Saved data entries

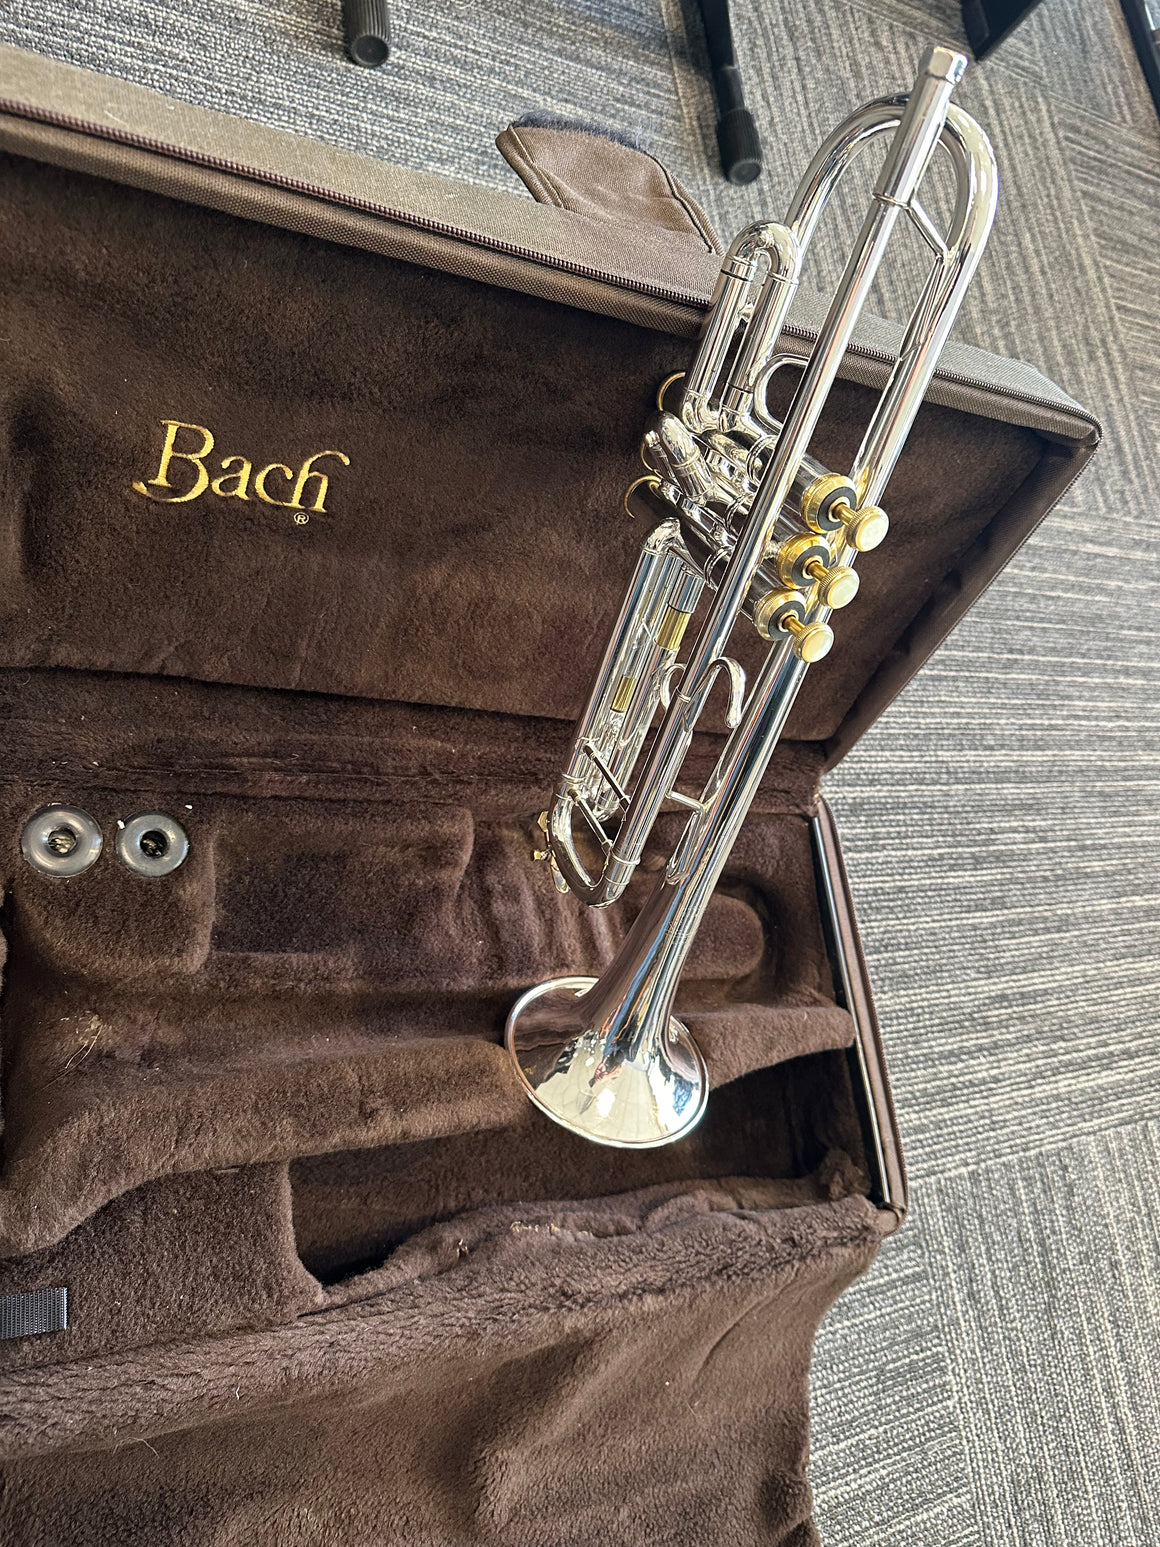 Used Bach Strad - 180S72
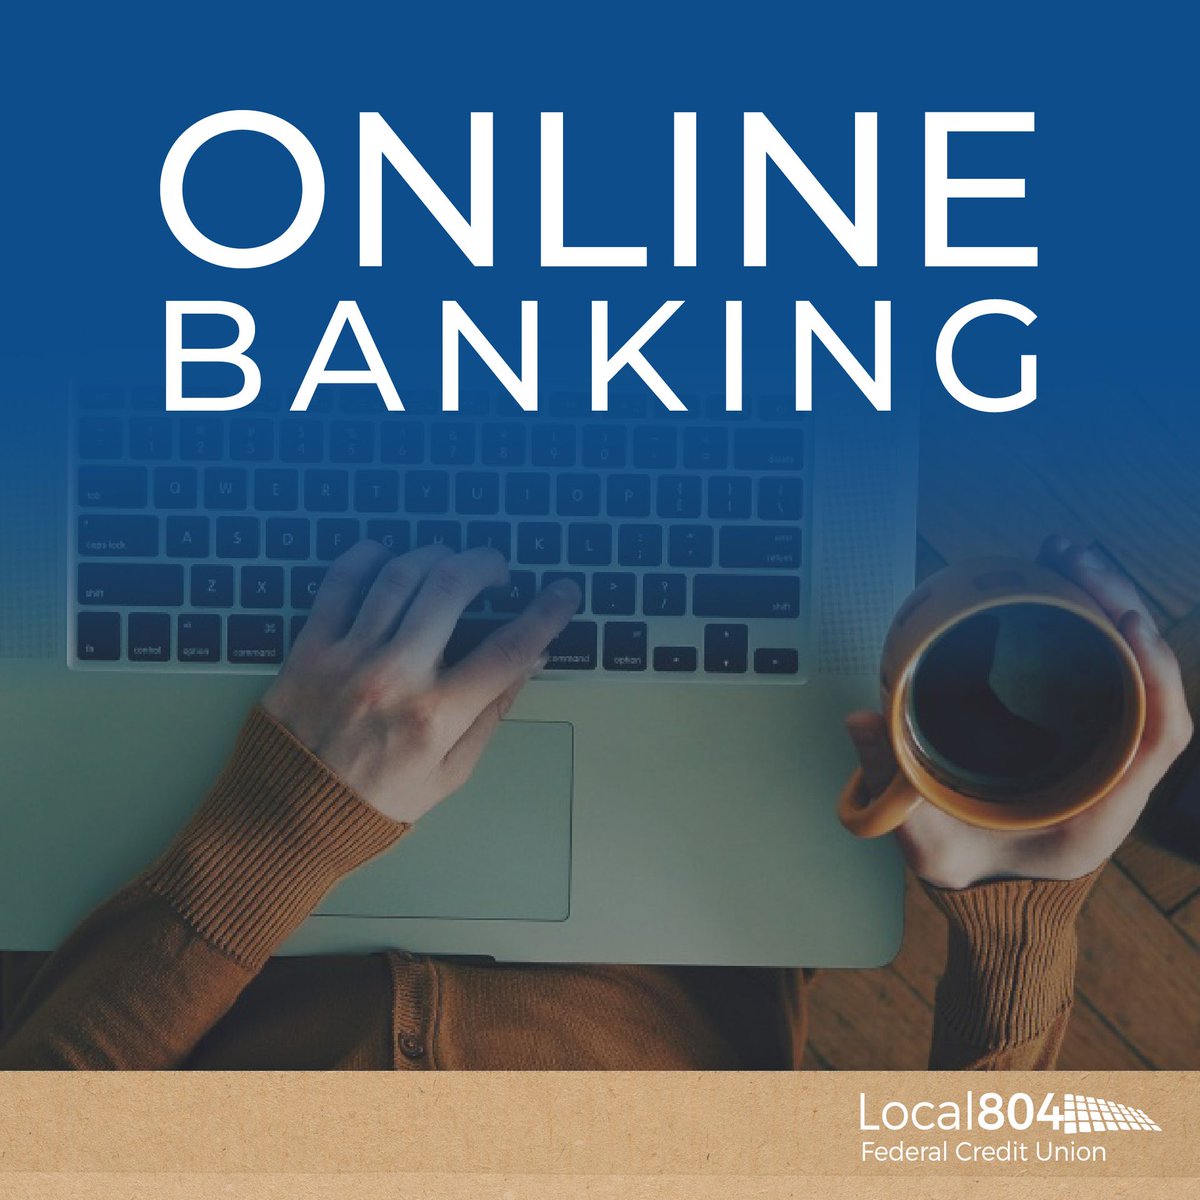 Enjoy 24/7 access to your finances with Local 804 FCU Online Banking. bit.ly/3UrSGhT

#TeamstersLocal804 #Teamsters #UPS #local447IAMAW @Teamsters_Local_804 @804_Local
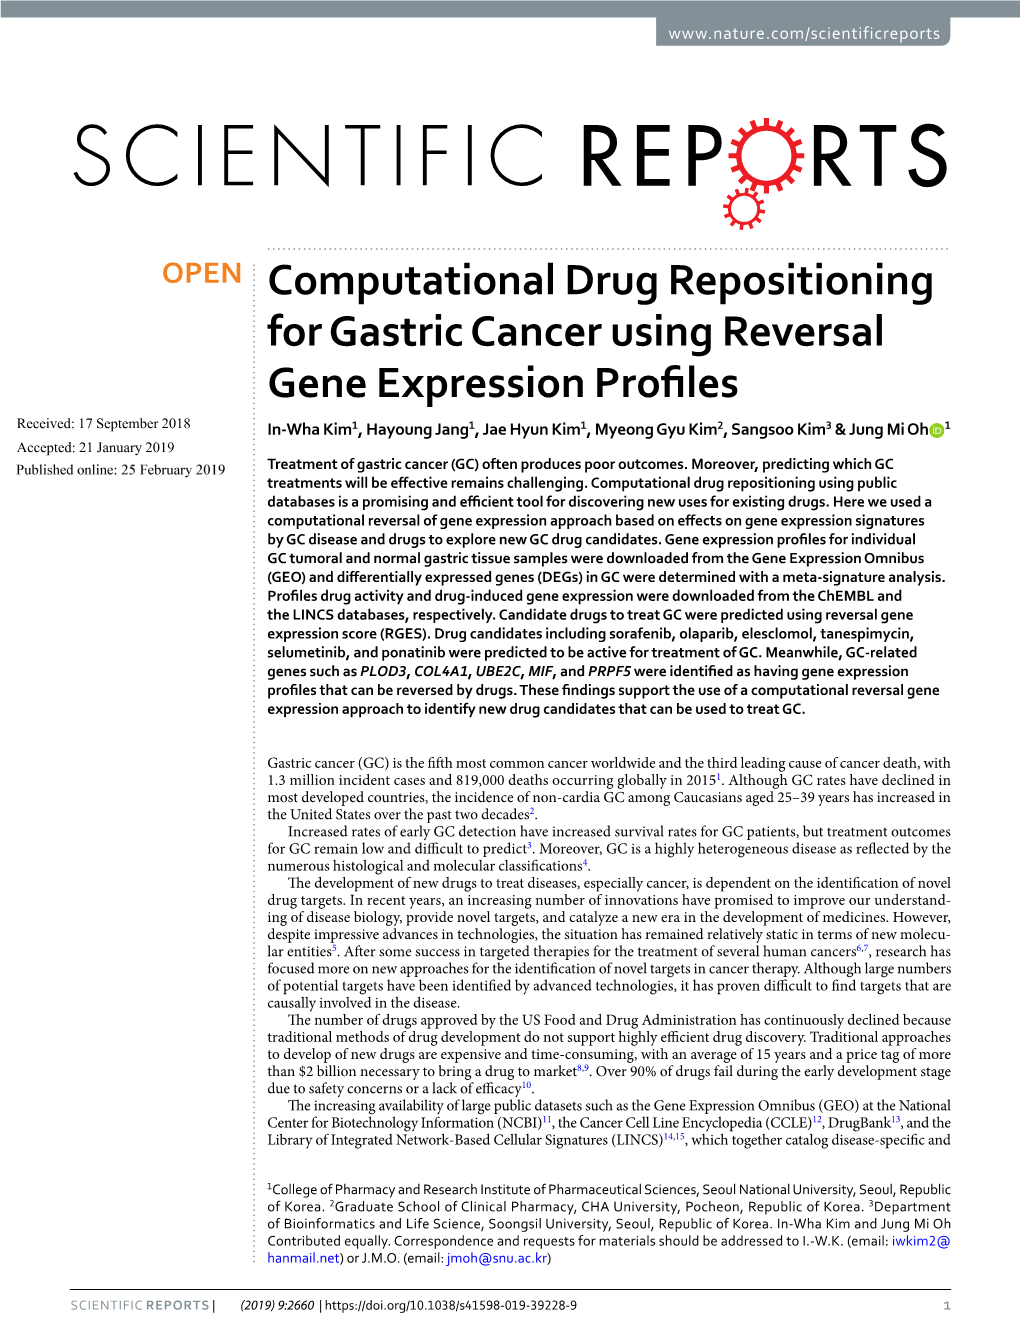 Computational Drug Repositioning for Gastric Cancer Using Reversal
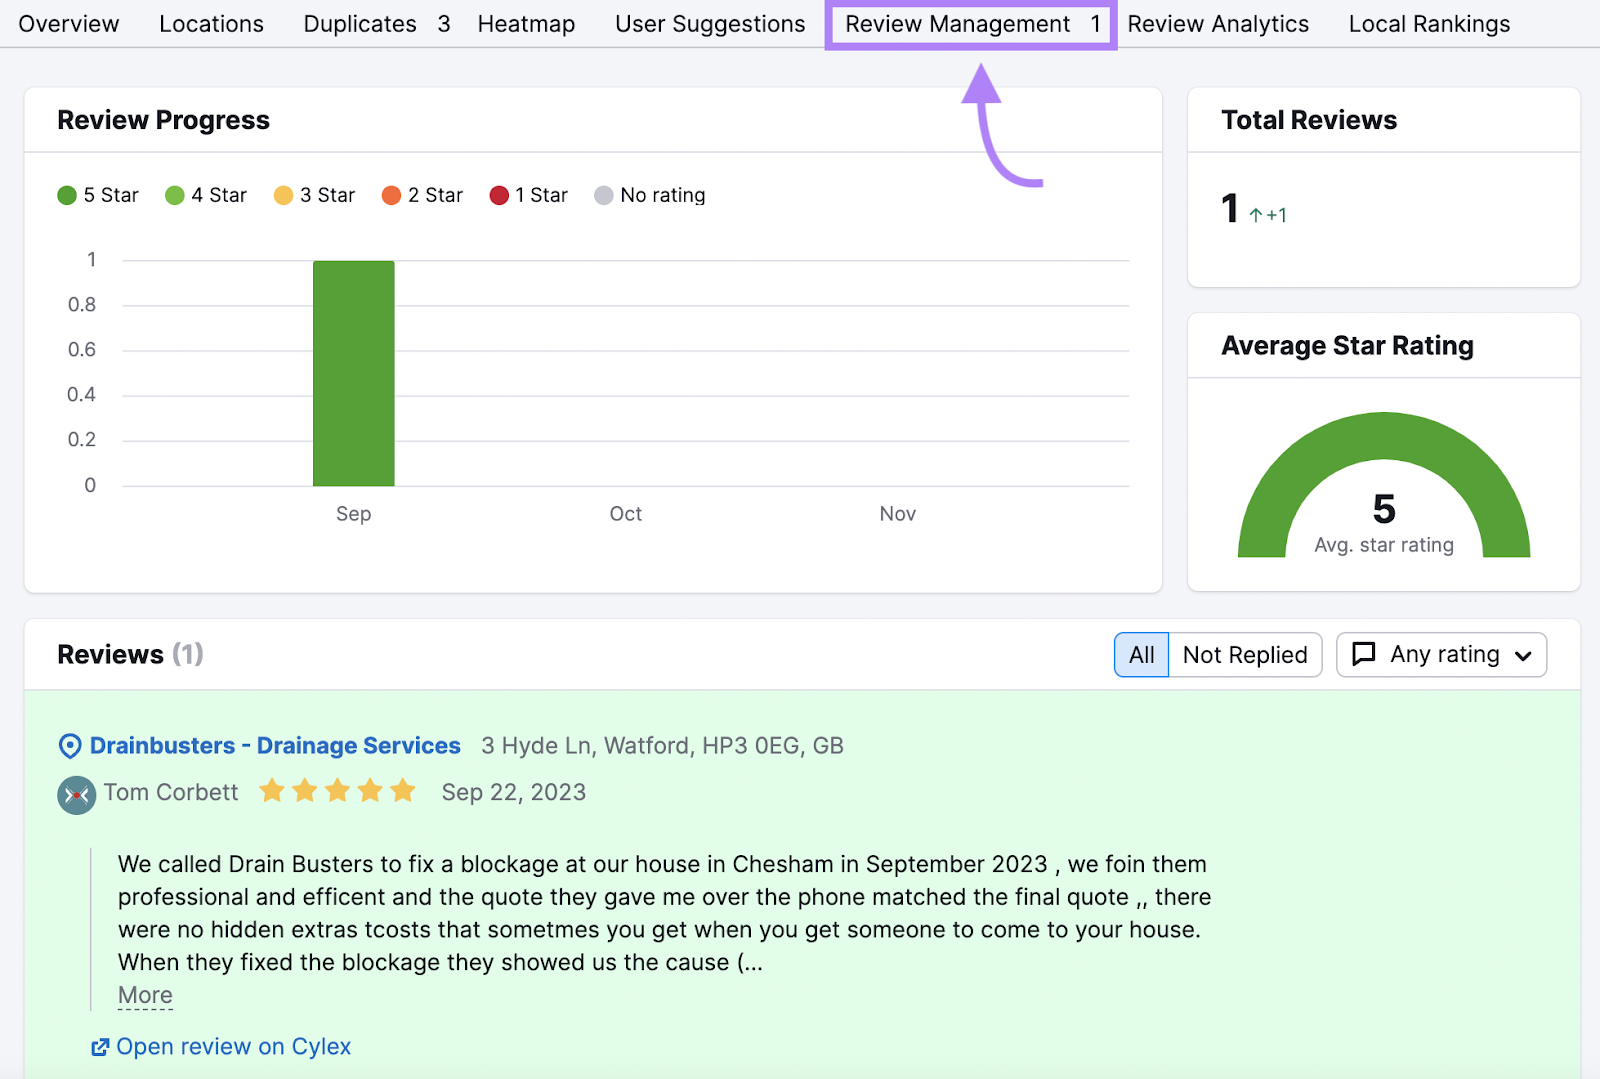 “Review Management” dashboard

• Problem:
Beginning at the line that contains "#TeamstersLocal804 #Teamsters #UPS" and ending at the last line of the data, return each line exactly; no picture belongs in the copy.

• Answer area:
#TeamstersLocal804 #Teamsters #UPS #local447IAMAW @Teamsters_Local_804 @804_Local
 Computational Drug Repositioning for Gastric Cancer Using Reversal
 “Review Management” dashboard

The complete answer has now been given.